Saturday, 8 May 2010

Boxing Clever

“What I’d really like for my birthday,” said Eldest when he was about six “is a stick.”

Happy days that are now, unfortunately, long gone.

Two of them have a birthday coming up and no one has so far asked for a stick. An iPhone (you must be kidding, right?), a trampoline, but no sticks.

The youngest two are still crazy for cardboard boxes however. What is it about boys and boxes? If Middle One sees me demolishing an empty box - and I do love a bit of shredding - he goes mental.

“I needed that box! I was going to make something/keep my gerbil in it/use it for storing things…”

So I try to get boxes out of the house as soon as possible. As for boxes that come full of those white, foam, wiggly things - horror! I had to shower Youngest down last week after we unpacked lamps from John Lewis along with hundreds of tiny, sticky balls. They got everywhere: on his eyelashes, down his pants…

I let them keep a small stash of boxes in a cupboard and from time to time - for God’s sake don’t tell them - I have a little purge. I can always say the cleaner did it.

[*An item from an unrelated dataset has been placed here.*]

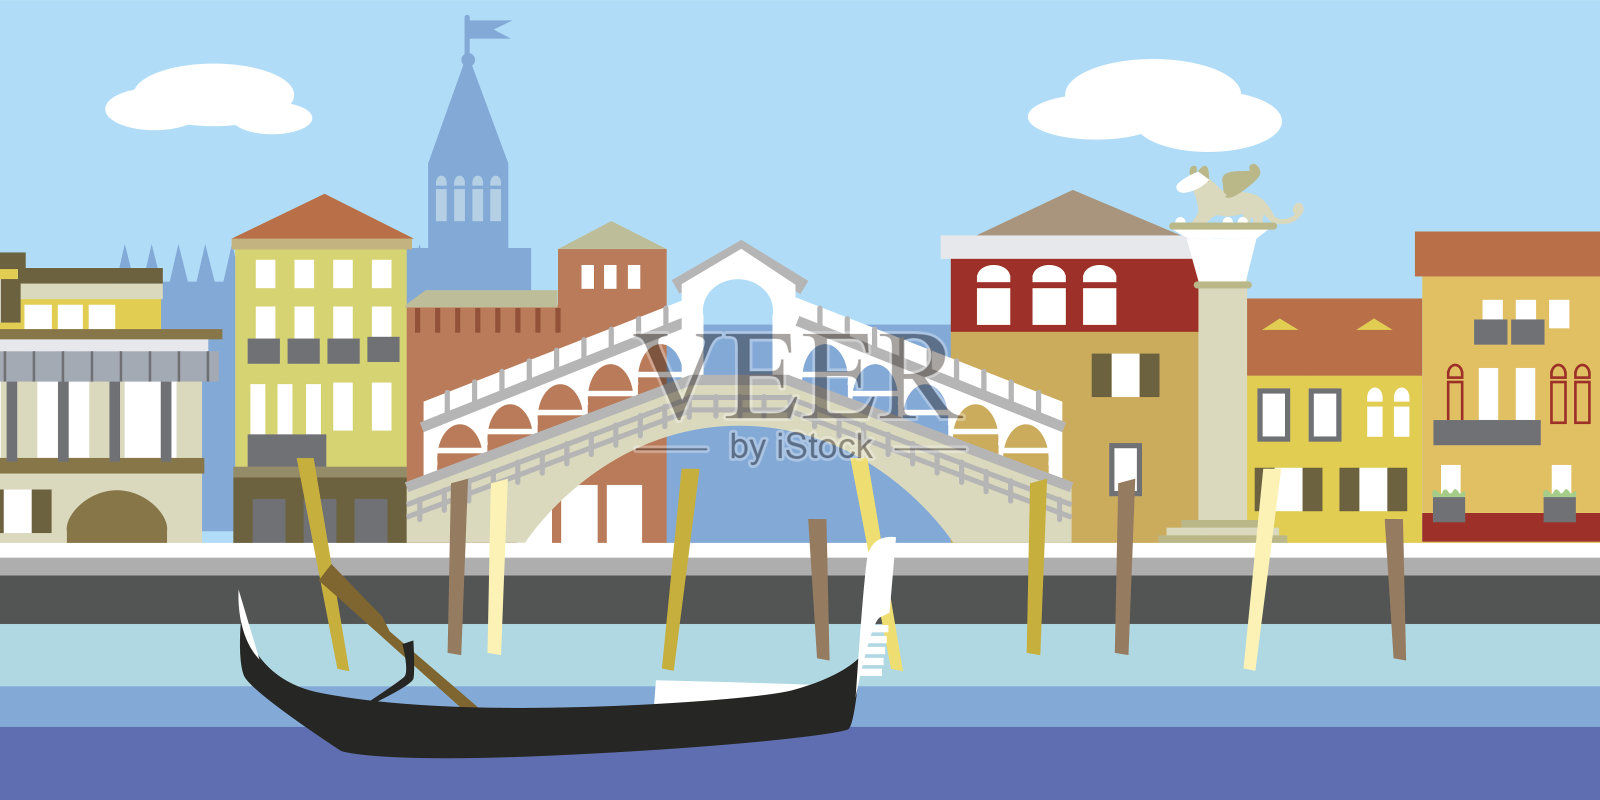 矢量插图的威尼斯城市景观在简单的风格。传统的意大利风景。老式欧洲风格的房子。河道及船只。插画图片素材

She gets blamed for a lot.

Three years ago, when we moved, I dismantled a strange cardboard box-hanging-from-the-ceiling-from-an-old-piece-of-string arrangement in Eldest’s bedroom, throwing out most of the contents. You know the sort of thing: a few empty coke cans, some moldering conkers. I thought he’d forget, but he’s still looking for it.

Chucking things out is just something mums do, we have to, or we’d all drown in the tat. Just watch out for those transparent, orange recycling bags - they can spot a precious drawing through one of those devils at five paces.

“My drawing!”

“Oh no darling, what has the cleaner done?”

And then there are imaginary boxes. When Eldest was little he used to get scared at night. He was particularly freaked out by a Bible story (thank you Year 1 Teacher, you know who you are). I think it was the goat in was the burning bush. Anyway, one night it was really bad and I had to pull out all the stops.

So, getting into his bed and holding him close, I told him to imagine shrinking the monster until it was tiny, then dropping it into a strong box, winding a big chain around it, locking it up with a large, shiny padlock, carrying it down the garden, digging a hole, placing the box in the hole, covering the hole with soil, and then, finally, going back to the house. Genius.

He lay perfectly still listening to this long, detailed and (though I say so myself) rather brilliant ruse and then said,

“Mummy?”

“Yes darling.”

“That padlock…can I keep it?”

Actually, I think we gave him one as a birthday present that year.

Now that’s thinking outside the box.